Example Analysis of Flume Framework 04/27 Update SLTechnology News&Howtos

Example Analysis of Flume Framework

2025-04-27 Update From: SLTechnology News&Howtos shulou NAV: SLTechnology News&Howtos > Servers >

Shulou(Shulou.com)05/31 Report--

This article shares with you the content of an example analysis of Flume framework. Xiaobian thinks it is quite practical, so share it with everyone for reference. Let's follow Xiaobian and have a look.

Flume is a distributed framework for mass data collection.

Flume Framework Flowchart

Channel is the cached data. If Sink is transferred to HDFS, the cached data in Channel will be deleted. If Sink is not transferred successfully, Channel is equivalent to making a backup. Sink repeatedly fetches data from Channel.

Deploy a Flume agent on hadoop0

1. Decompress apache-flume-1.4.0-bin.tar.gz and apache-flume-1.4.0-src.tar.gz on hadoop0.

2. Copy all the contents of the decompressed apache-flume-1.4.0-src folder to apache-flume-1.4.0.- bin folder.

3. Modify the names of two files in the conf directory, one is flume-env.sh and the other is flume-conf.properties.

The JAVA_HOME value is set in flume-env.sh.

4. Example: Upload files in disk folder to HDFS through flume.

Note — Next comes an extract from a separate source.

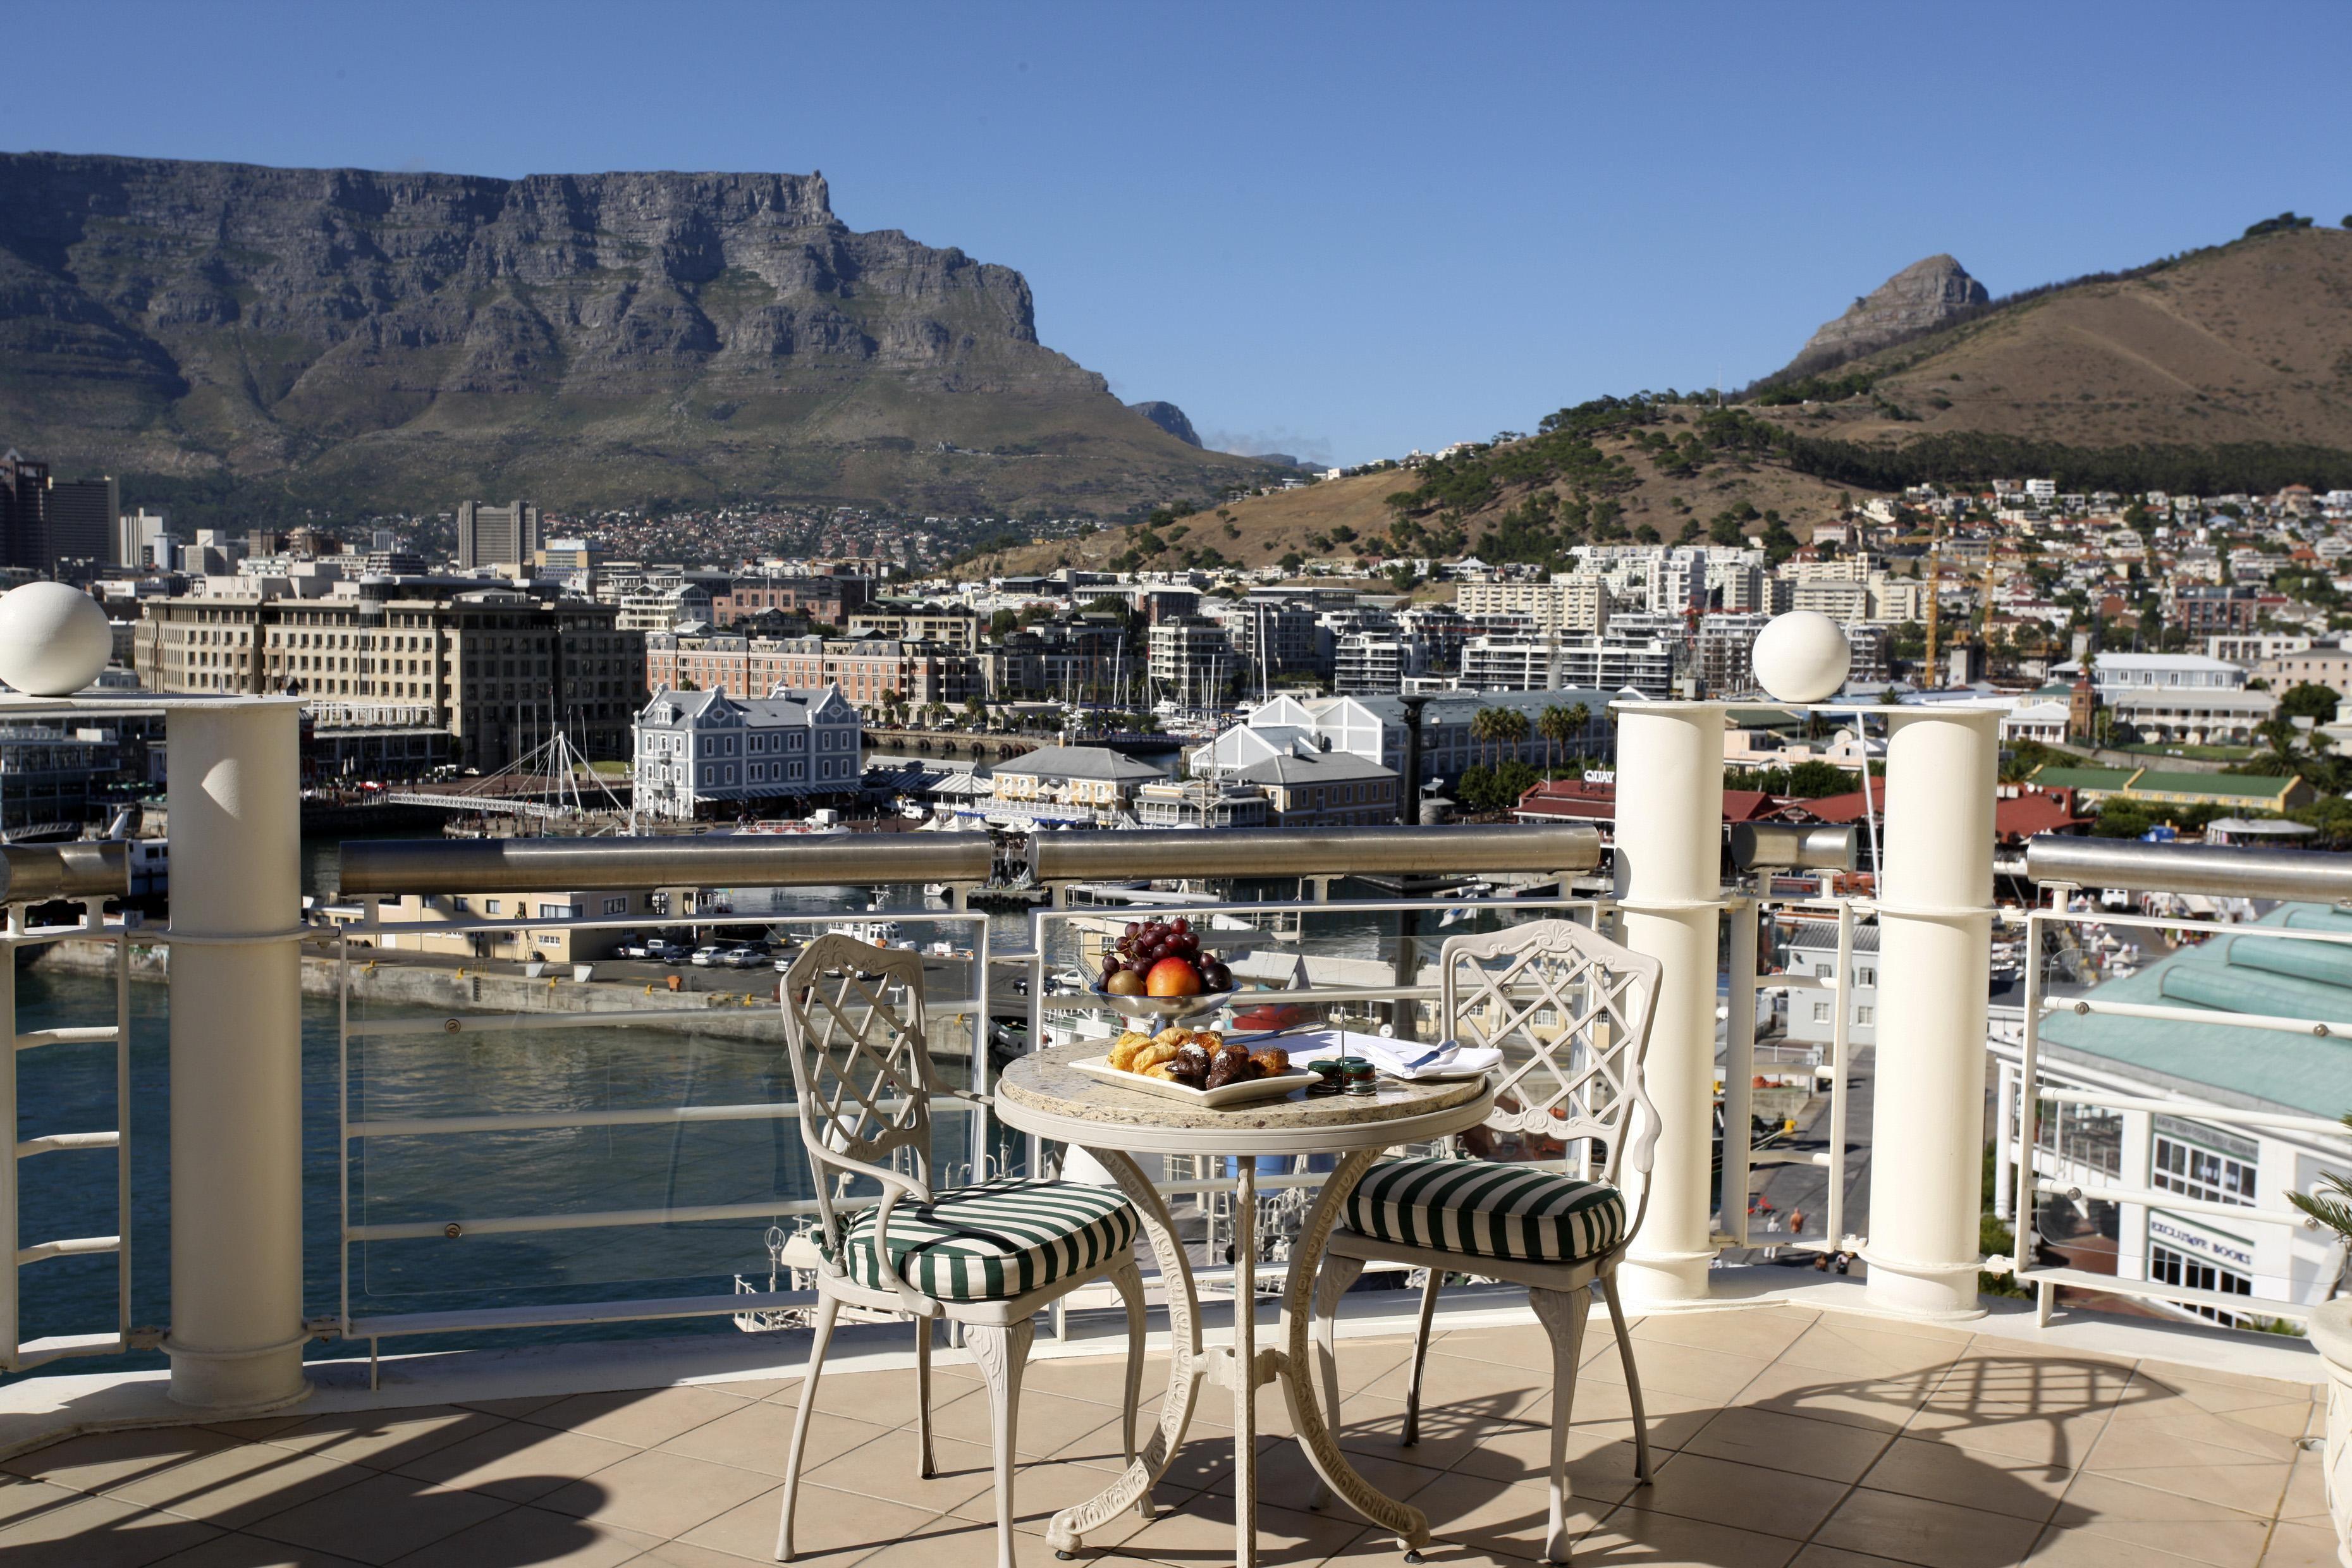 Ein gutes Frühstück und eine schöne Aussicht auf die Mother City; ja so sollte jeder Tag beginnen oder?  (Foto vom Table Bay Hotel)  http://www.kapstadtmagazin.de/5-sterne/The-Table-Bay-Hotel/114_22_18512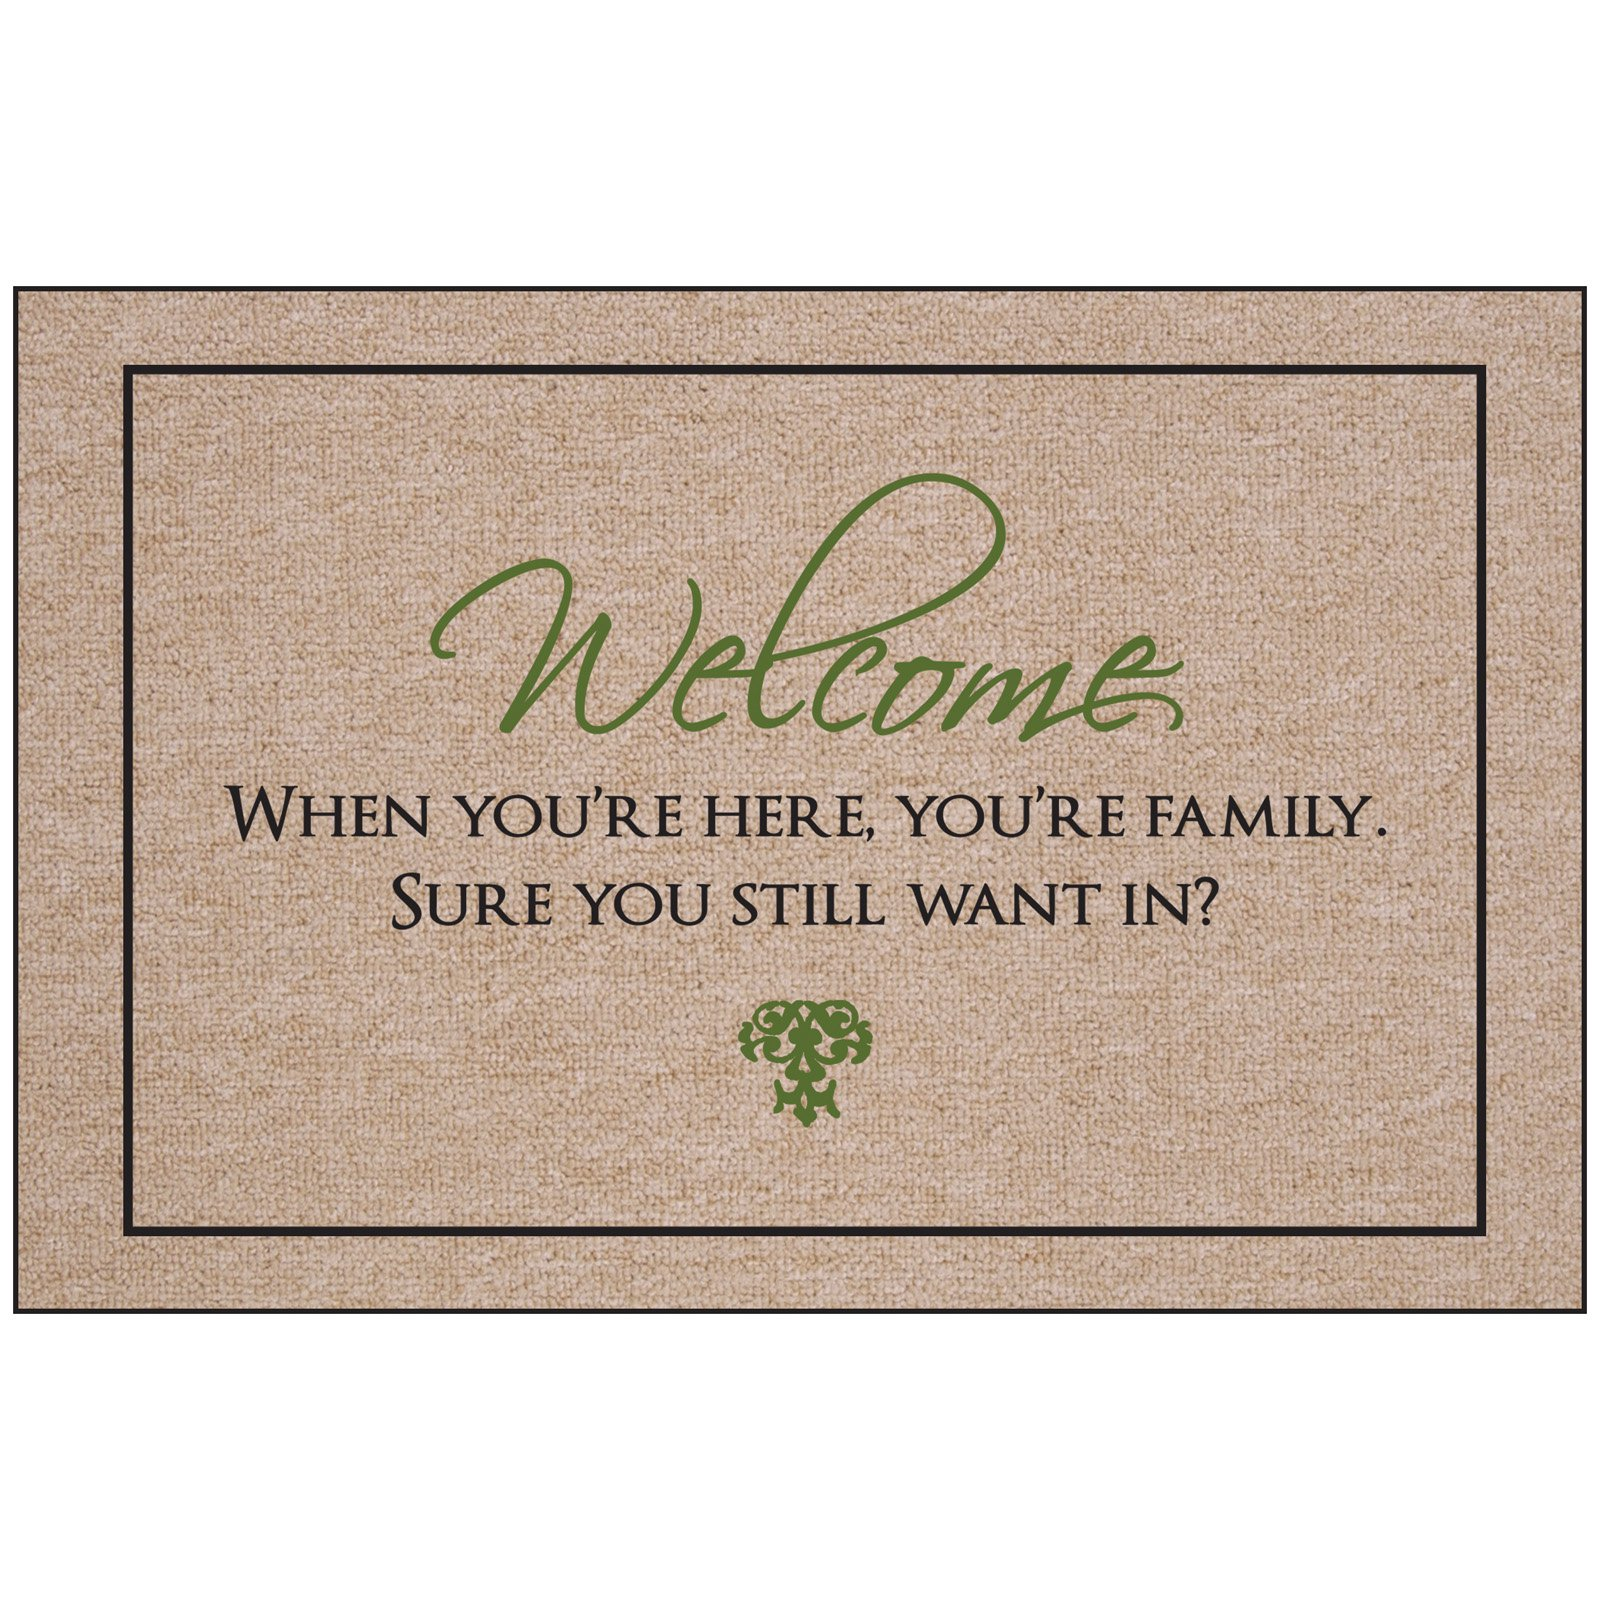 Welcome - You are Family Indoor/Outdoor Door Mat

4.1 Create a file in the conf directory called test.conf with the following contents:

#Configure Agent

#a1 is a proxy name, s1 is the name of source, sink1 is the name of sink, c1 is the name of channel

a1.sources = s1

a1.sinks = sink1

a1.channels = c1

#Configure a source dedicated to reading data from folders

a1.sources.s1.type = spooldir

a1.sources.s1.spoolDir = /apache_logs #Value apache_logs indicates directory of data files

a1.sources.s1.fileSuffix=.abc #Value.abc indicates the filename suffix to be renamed after the data file has been processed

a1.sources.s1.channels = c1 #The value c1 indicates the name of the channel to which the source receives data

#configure a sink dedicated to writing input to hdfs

a1.sinks.sink1.type = hdfs

a1.sinks.sink1.hdfs.path=hdfs://hadoop0:9000/apache_logs #Value indicates destination

a1.sinks.sink1.hdfs.fileType=DataStream #Value DataStream indicates the file type and is uncompressed

a1.sinks.sink1.hdfs.writeFormat=Text #value indicates that the original content of the file is written

a1.sinks.sink1.channel = c1 #The value c1 indicates the source of the sink processing data

#Configure a channel processed in memory

a1.channels.c1.type = memory

a1.channels.c1.capacity = 1000

a1.channels.c1.transactionCapacity = 100

Run:[root@hadoop conf]#../ bin/flume-ng agent --conf conf --conf-file test.conf --name a1 -Dflume.root.looger=DEBUG,console

Thank you for reading! About "Flume framework example analysis" This article is shared here, I hope the above content can be of some help to everyone, so that everyone can learn more knowledge, if you think the article is good, you can share it to let more people see it!

Welcome to subscribe "Shulou Technology Information " to get latest news, interesting things and hot topics in the IT industry, and controls the hottest and latest Internet news, technology news and IT industry trends.

*The comments in the above article only represent the author's personal views and do not represent the views and positions of this website. If you have more insights, please feel free to contribute and share.